Nissan confirma Frontier PHEV e sedã N7 elétrico na América Latina

Em evento global, Nissan revela planos de reestruturação em toda a linha e adianta quais serão seus próximos passos na nossa região

A Nissan deu um passo importante na redefinição de sua estratégia global ao confirmar, durante um evento realizado na última segunda-feira (13) em Yokohama, no Japão, a chegada da inédita Frontier híbrida plug-in e do sedã N7 100% elétrico à América Latina.. Embora o Brasil não tenha sido citado diretamente, a inclusão da região no plano praticamente assegura a presença dos dois por aqui nos próximos anos, especialmente considerando o movimento recente da marca e até mesmo flagras locais dos modelos em testes.

O anúncio faz parte de um reposicionamento mais amplo da fabricante japonesa, que pretende reduzir seu portfólio global, ampliar a oferta de veículos eletrificados e acelerar a adoção de novas tecnologias, como inteligência artificial embarcada. A estratégia também envolve a renovação de mercados-chave, incluindo o brasileiro, onde a Nissan já indicou a atualização de cerca de 40% da sua linha entre o fim de 2026 e o início de 2027.

Nissan Frontier Pro

A picape eletrificada marca uma ruptura completa com o modelo atualmente conhecido no Brasil. Apesar do nome, o projeto é totalmente inédito, desenvolvido em parceria com a chinesa Dongfeng. A base estrutural, o design e até o conjunto mecânico têm origem nesse trabalho conjunto, derivado de modelos recentes apresentados na China.

Visualmente, a nova Frontier segue uma linha mais robusta e moderna, com proporções generosas. São cerca de 5,52 metros de comprimento, 1,96 m de largura, 1,95 m de altura e 3,30 m de entre-eixos, posicionando a picape entre as maiores do segmento de médias.. O interior também acompanha essa evolução, adotando uma proposta mais tecnológica, com destaque para o painel dominado por duas telas (uma de 10 polegadas para o quadro de instrumentos e outra de 14,6” para a central multimídia), além de um console elevado.

O grande destaque, porém, está sob o capô. A Frontier PHEV combina um motor 1.5 turbo a gasolina de quatro cilindros com um propulsor elétrico integrado ao sistema de transmissão. Dependendo da configuração escolhida, o conjunto entrega algo entre 410 cv e 435 cv, com torque robusto de 81,5 kgfm. A tração é integral, enquanto a capacidade de reboque chega a 3.500 kg.

A bateria, com cerca de 33 kWh, permite rodar pouco mais de 130 km no modo 100% elétrico em ciclos internacionais, embora esse número deva ser menor nas medições do Inmetro. No uso combinado, o alcance pode ultrapassar os 1.000 km. O modelo também terá versões puramente a combustão em alguns mercados, incluindo opções a gasolina e até diesel, mas a configuração híbrida plug-in é a principal aposta para a nossa região.
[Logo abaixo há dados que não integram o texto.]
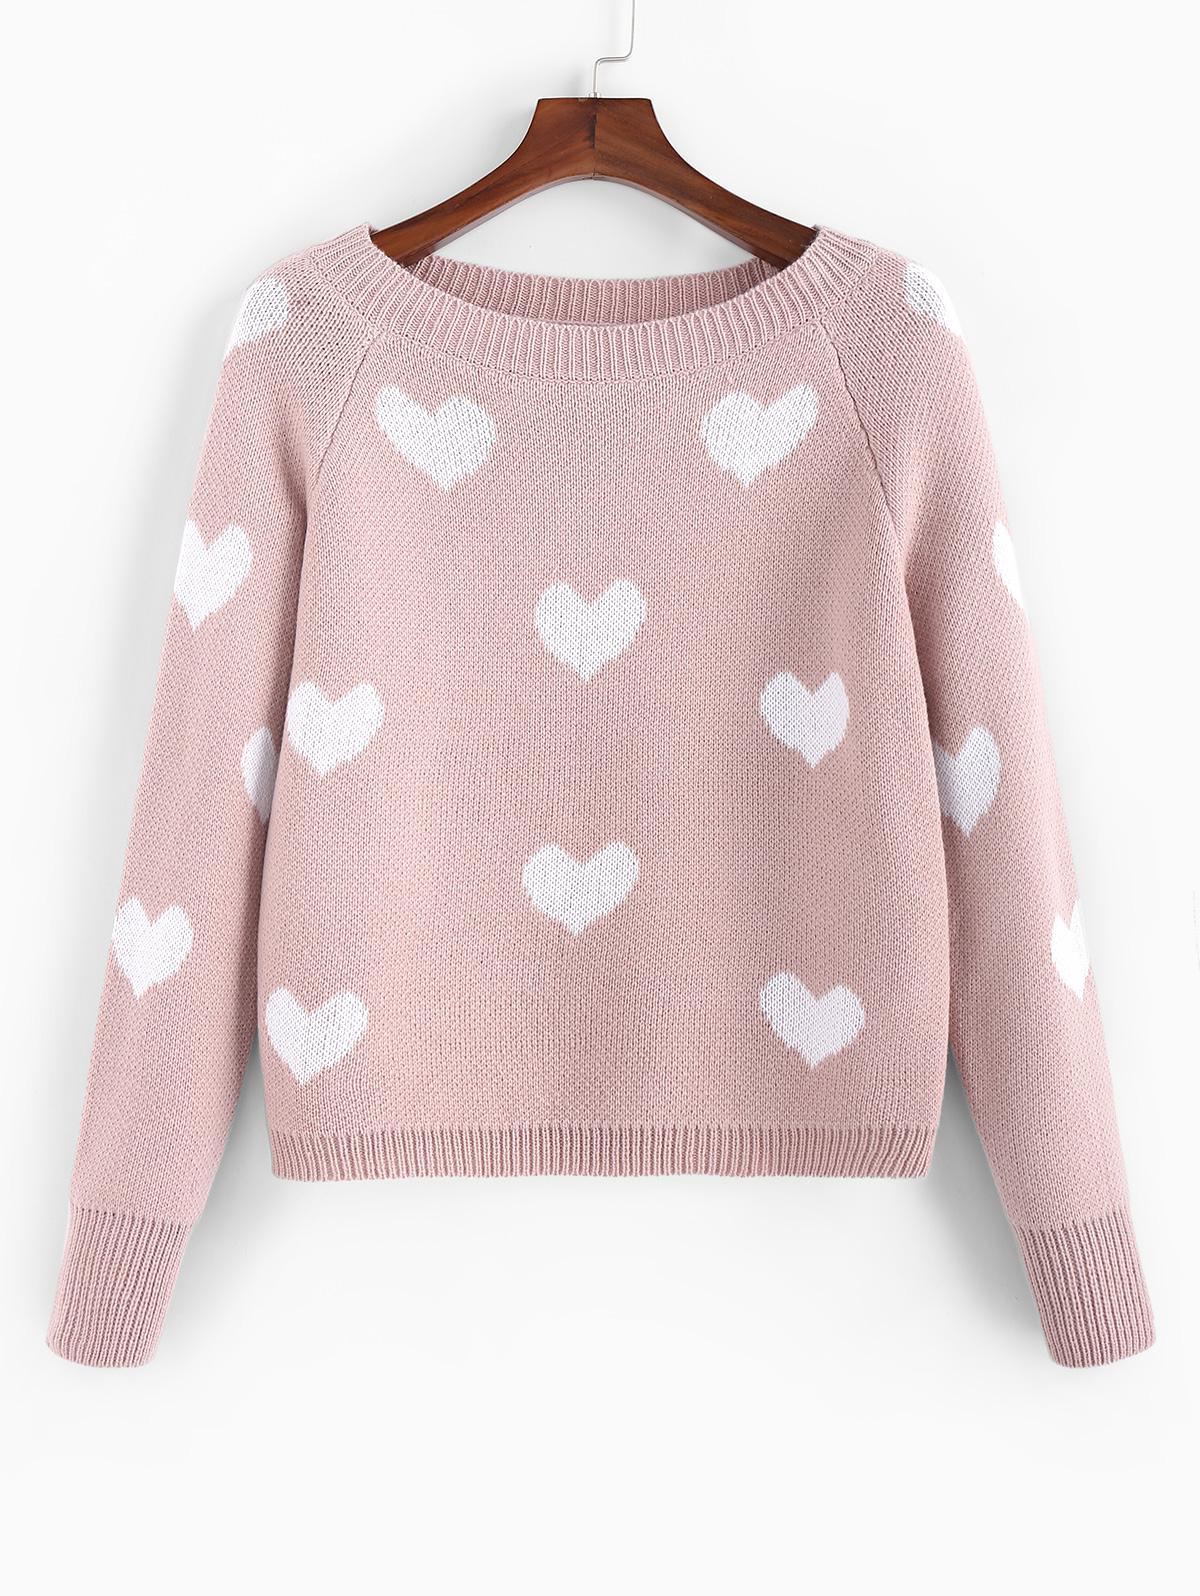 ZAFUL Heart Graphic Raglan Sleeve Textured Sweater
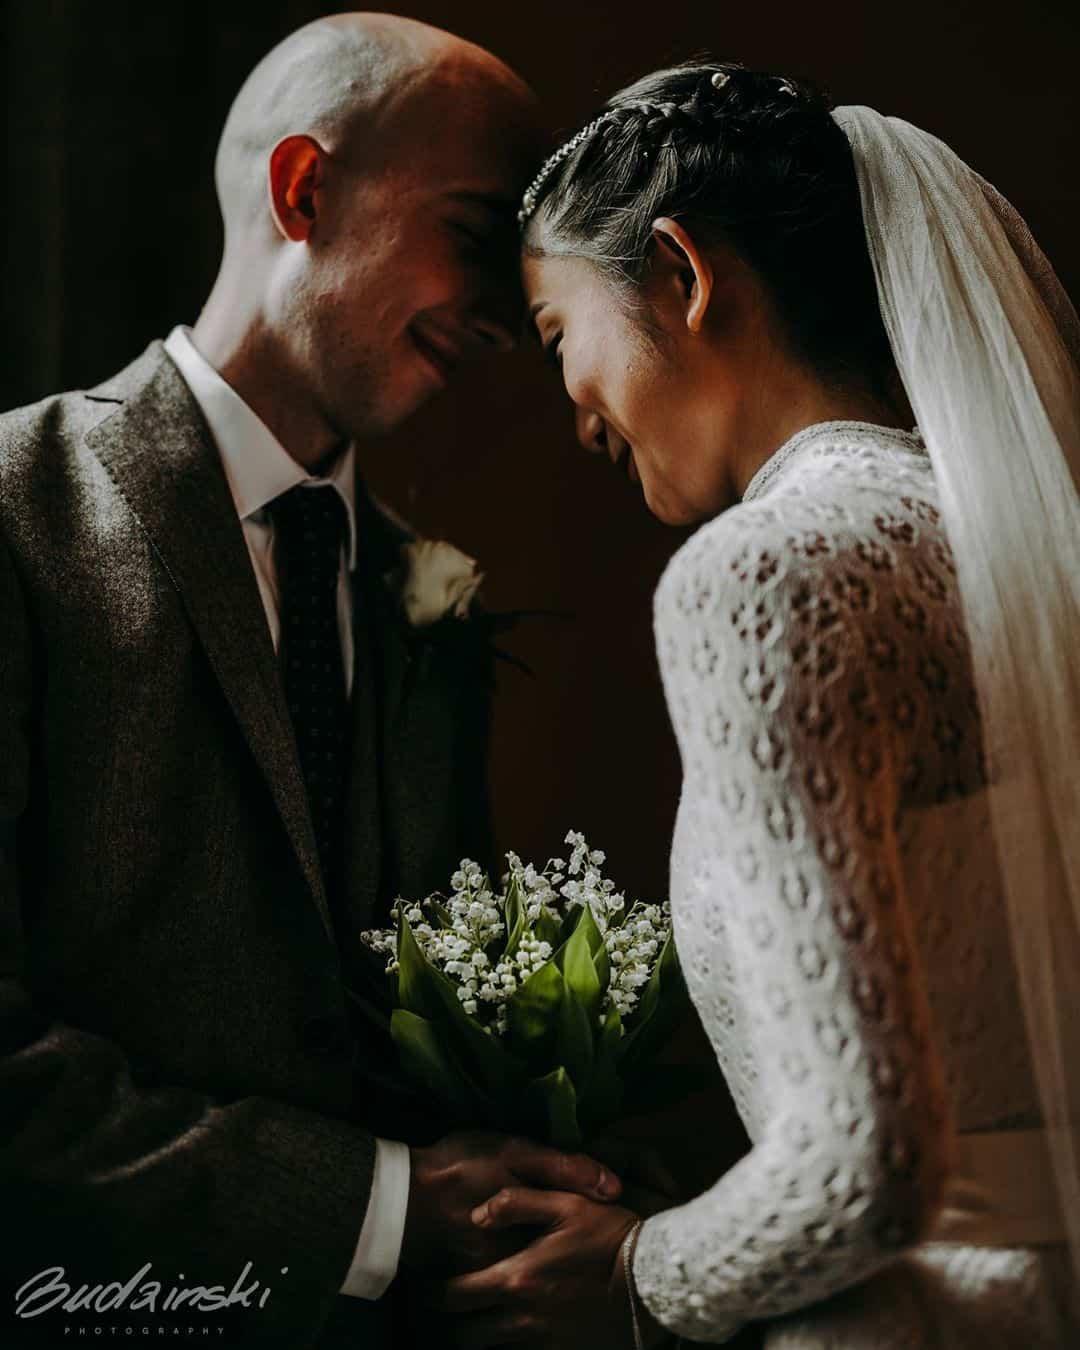 paul-budzinski-glasgow-scottish-wedding-photographer-bride-groom-bouquet

Inicialmente produzida na China, a nova Frontier já começou a sair das linhas de montagem asiáticas, mas a Nissan também avalia a expansão da produção para outras unidades, como o México, que será o primeiro mercado latino-americano a recebê-la, ainda este ano.

Sedã N7 elétrico

Já o N7 representa a ofensiva da marca no segmento de sedãs elétricos médios-grandes, com um pacote que combina dimensões generosas e proposta mais sofisticada. O modelo mede 4,93 metros de comprimento, 1,89 m de largura, 1,48 m de altura e tem entre-eixos de 2,91 m.

O design aposta em linhas limpas e futuristas, com destaque para a dianteira praticamente lisa, cortada por uma assinatura em LED que se conecta aos faróis em formato afilado, criando uma identidade visual sem exageros. A proposta segue a tendência global de sedãs elétricos com foco em eficiência aerodinâmica e linhas minimalistas.

Na parte mecânica, o N7 utiliza um motor elétrico instalado no eixo dianteiro, alimentado por uma bateria de 73 kWh. O conjunto entrega 272 cv e 30,5 kgfm, permitindo aceleração de 0 a 100 km/h em cerca de 7 segundos e velocidade máxima limitada a 160 km/h. A autonomia, no ciclo chinês, supera os 600 km, embora, assim como na picape, o alcance real em outros mercados deva ser mais conservador.

A confirmação da Frontier PHEV e do N7 para a América Latina reforça a mudança de rota da Nissan, que passa a apostar de forma mais agressiva na eletrificação e em parcerias estratégicas para ganhar competitividade, especialmente diante do avanço das marcas chinesas. Para o Brasil, mesmo sem anúncio oficial direto, o cenário é bastante claro: ambos os modelos devem fazer parte da próxima fase da marca no país, ampliando sua presença em segmentos em crescimento, com propostas mais tecnológicas e competitivas.